= Cre-A Ramakrishnan =

Tamil publisher

S Ramakrishnan, commonly known as Cre-A Ramakrishnan (Note: க்ரியா ராமகிருஷ்ணன்) (18 June 194517 November 2020), was an Indian publisher and editor who founded Cre-A Publishing. (Note: க்ரியா பதிப்பகம்) He is known for making major contributions to Tamil contemporary literature and vocabulary though Cre-A, including the introduction of several editing and translation practices, and for producing one of the most used modern dictionaries of the language.

==Biography==
S Ramakrishnan was born on 18 June 1945 in Chennai. Although he was born into a Telugu Brahmin family and natively spoke the language, he considered himself Tamil, and was drawn to Tamil literature from his youth. After a stint at Loyola College, Ramakrishnan entered an "informal group... driven by a thirst for books", which included writers such as Gnanakoothan, and published a literary magazine called Ka Sa Da Tha Pa Ra with them in the 1960s. Following some time working for an advertising agency and "being with books" for two years, where he started thinking about trying to increase the quality of Tamil books and make them on-par with English-language publishing, Ramakrishnan started Cre-A Publishers in 1974 to achieve that mission, with the first work published being a compilation of plays by Na Muthuswamy titled Naarkaalikaarar. The name was based on his friend Jayalakshmi, who Ramakrishnan described as "instrumental in introducing me to this field" in an interview; she had originally mentioned the name and pointed out it rhymed with "Jaya" in jest.

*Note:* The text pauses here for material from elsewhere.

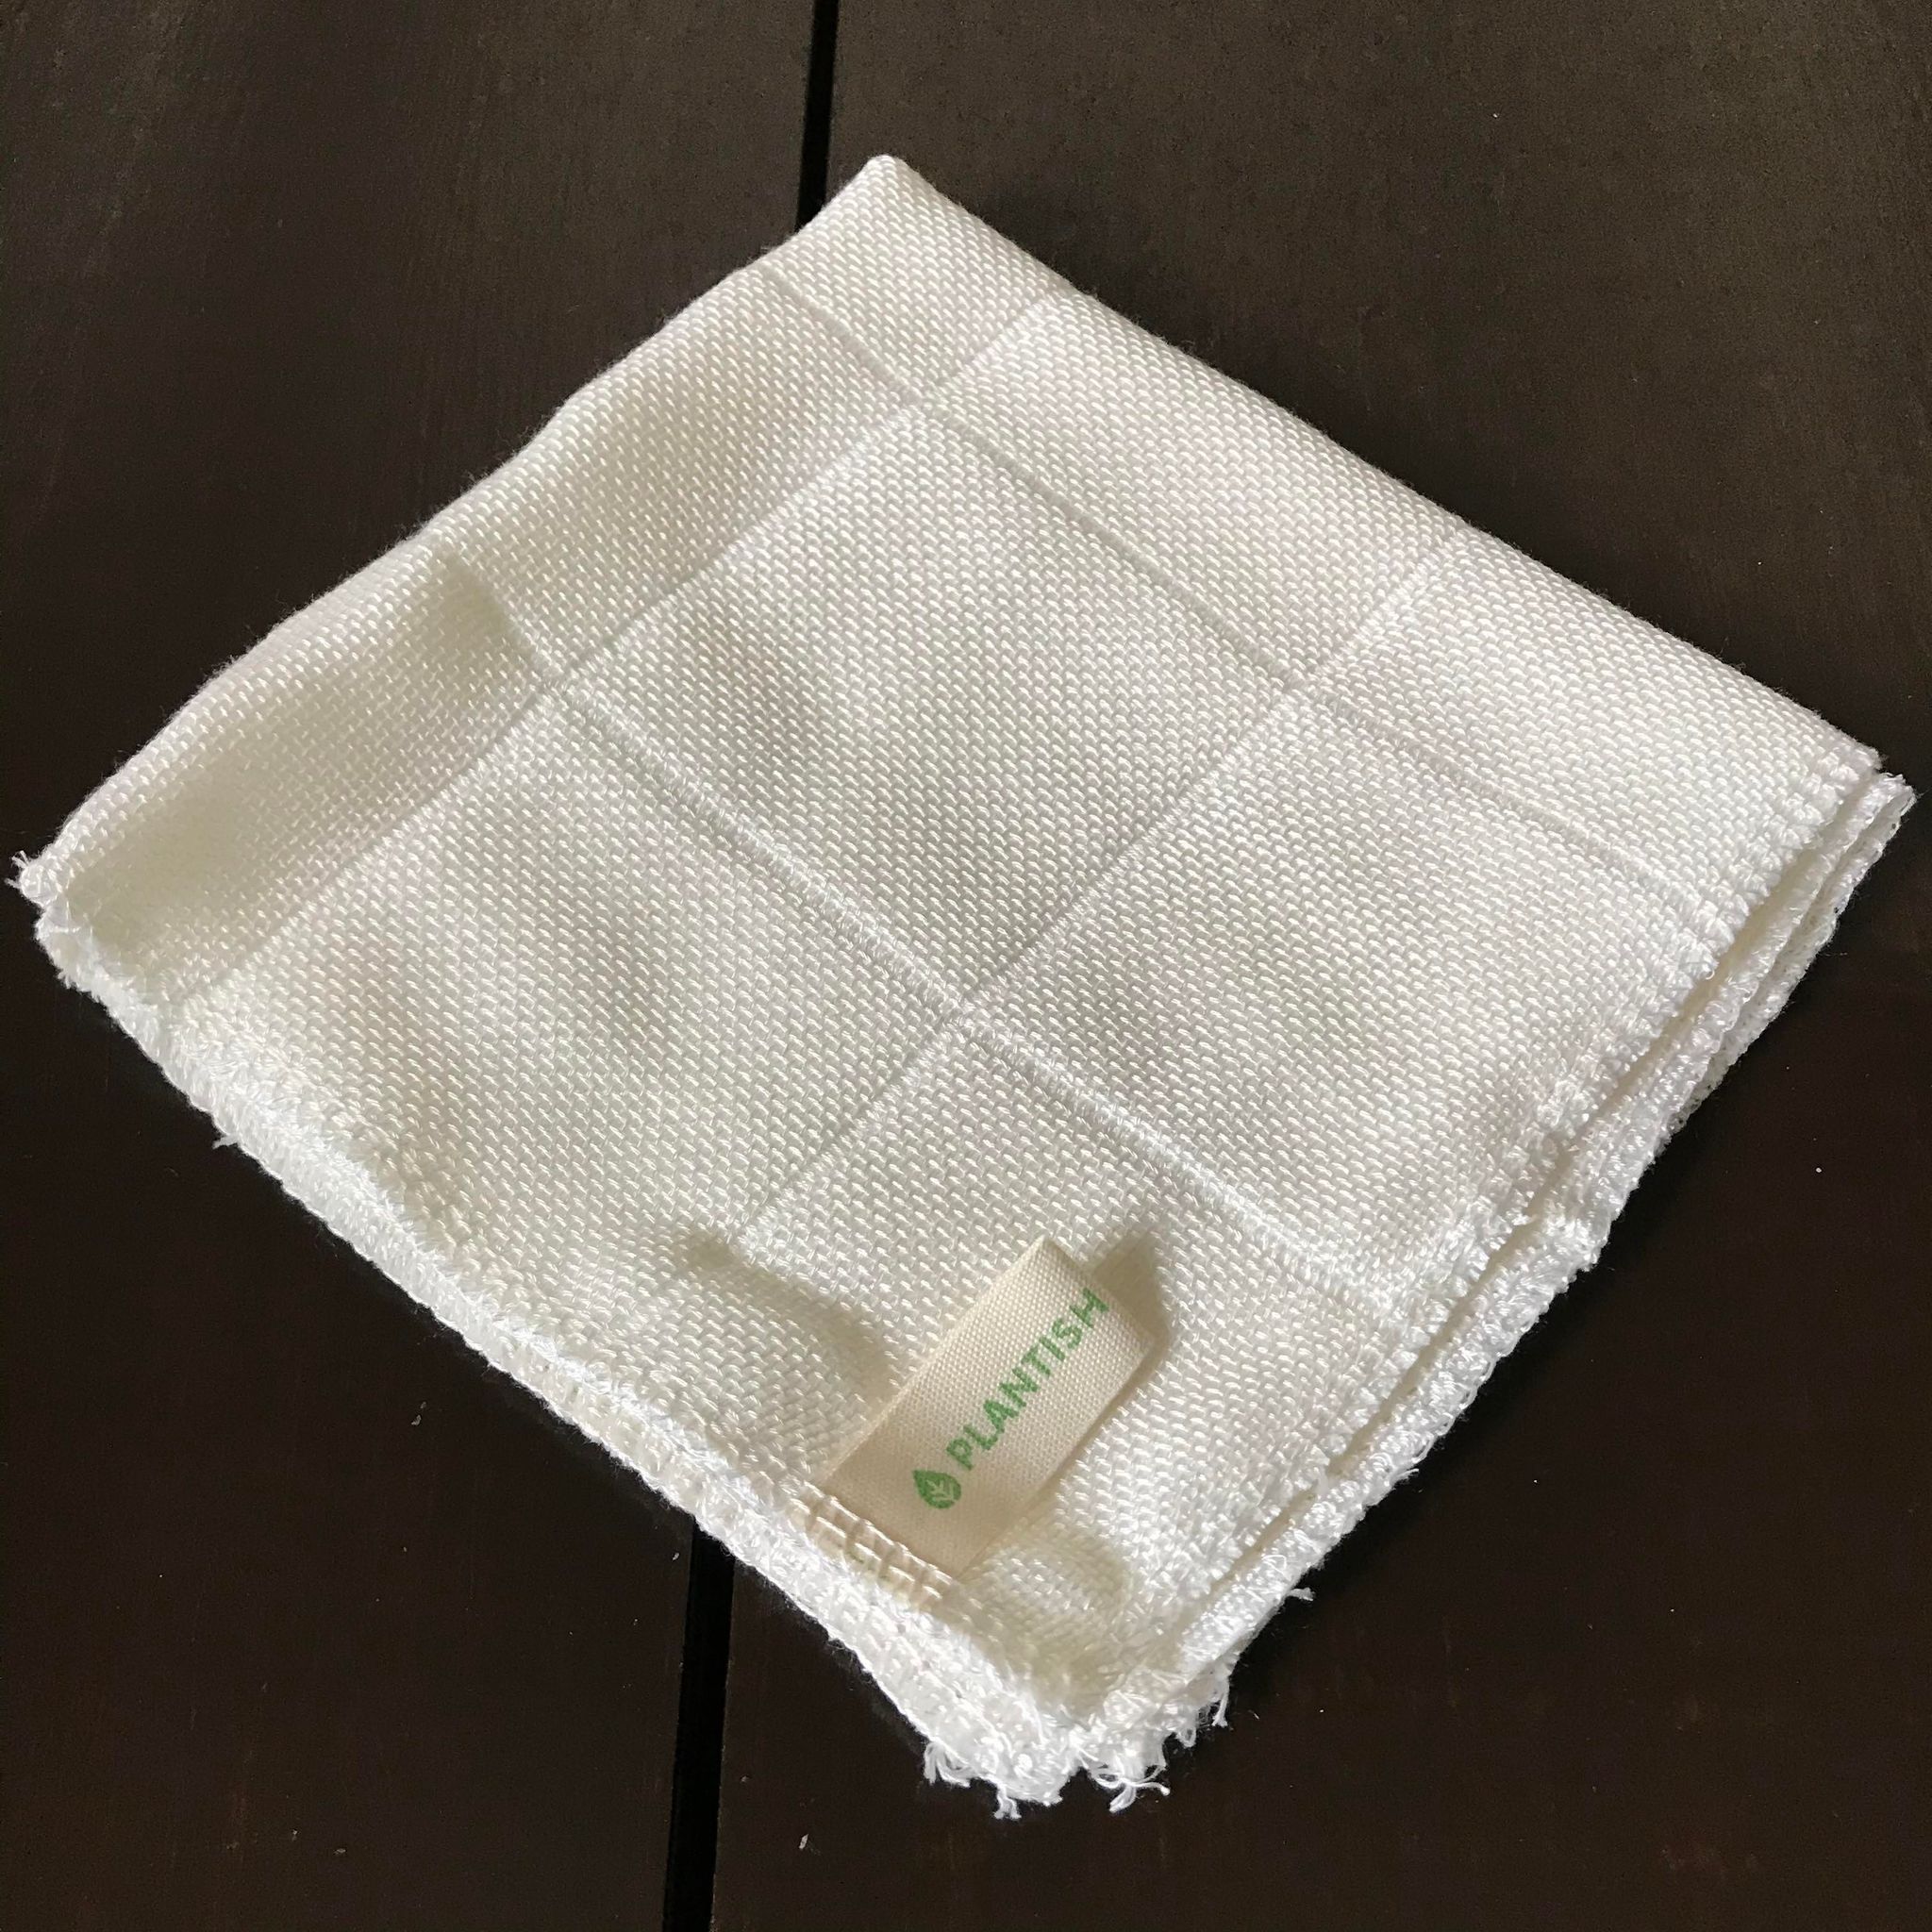 Individaul white compostable, antibacterial, oil-resistant and lint-free bamboo cloth made by Plantish

Cre-A was initially known for its translations, particularly direct, high-quality ones from French and German for authors such as Franz Kafka and Albert Camus. It also published some earlier works of now-renowned writers such as Ambai, Imayam and Sundara Ramaswamy. It later grew in scope, growing to publish works on "[the] environment, healthcare, agriculture, modern Western philosophy and technology" as well as Tamil translations of Hindi, Bengali and Kannada literature from 1978 onward. Through his experience with publishing, Ramakrishnan decided to fill the need for a contemporary Tamil dictionary, having realized that no such product had been produced yet and concerned about the apparent "lack" of Tamil lexical development, and thus started working on the Cre-A Dictionary of Contemporary Tamil, (Note: க்ரியாவின் தற்காலத் தமிழ் அகராதி) which began development in 1985 and was released in 1992. A review in The Journal of Asian Studies of the second edition, published in 2008, stated that it had become "the most reliable, detailed, and useful dictionary of contemporary Tamil" by then. The second edition added new terms, including Sri Lankan regional vocabulary, and new drawings; while the review praised this, it also stated that more regional terms should be added and the dictionary's focus on standard written Tamil limited its potential. He also played pivotal roles in establishing Roja Muthiah Research Library in Chennai, MOZHI public trust and co-founded the Koothu-P-Pattarai avant-garde theatre group with Na Muthuswamy.

During the COVID-19 pandemic in India, Ramakrishnan contracted the disease and was admitted to the Tamil Nadu Government Multi Super Speciality Hospital in 2020. Despite this, he continued to edit the third edition of the dictionary from his hospital bed to meet its November 13 release date. Four days later, Ramakrishnan died from the disease at the age of 75; a number of Tamil political figures, including then Chief Minister Edappadi K. Palaniswami, subsequently issued statements of tribute, and linguist-cum-Indologist David Dean Shulman eulogized him, stating that "he was the living heart of modern Tamil".

== Legacy ==
In November 2021, a book was launched by The Hindu Publishing Group titled Book Culture in Tamil: Essays in Memory of Cre-A Ramakrishnan in remembrance of him.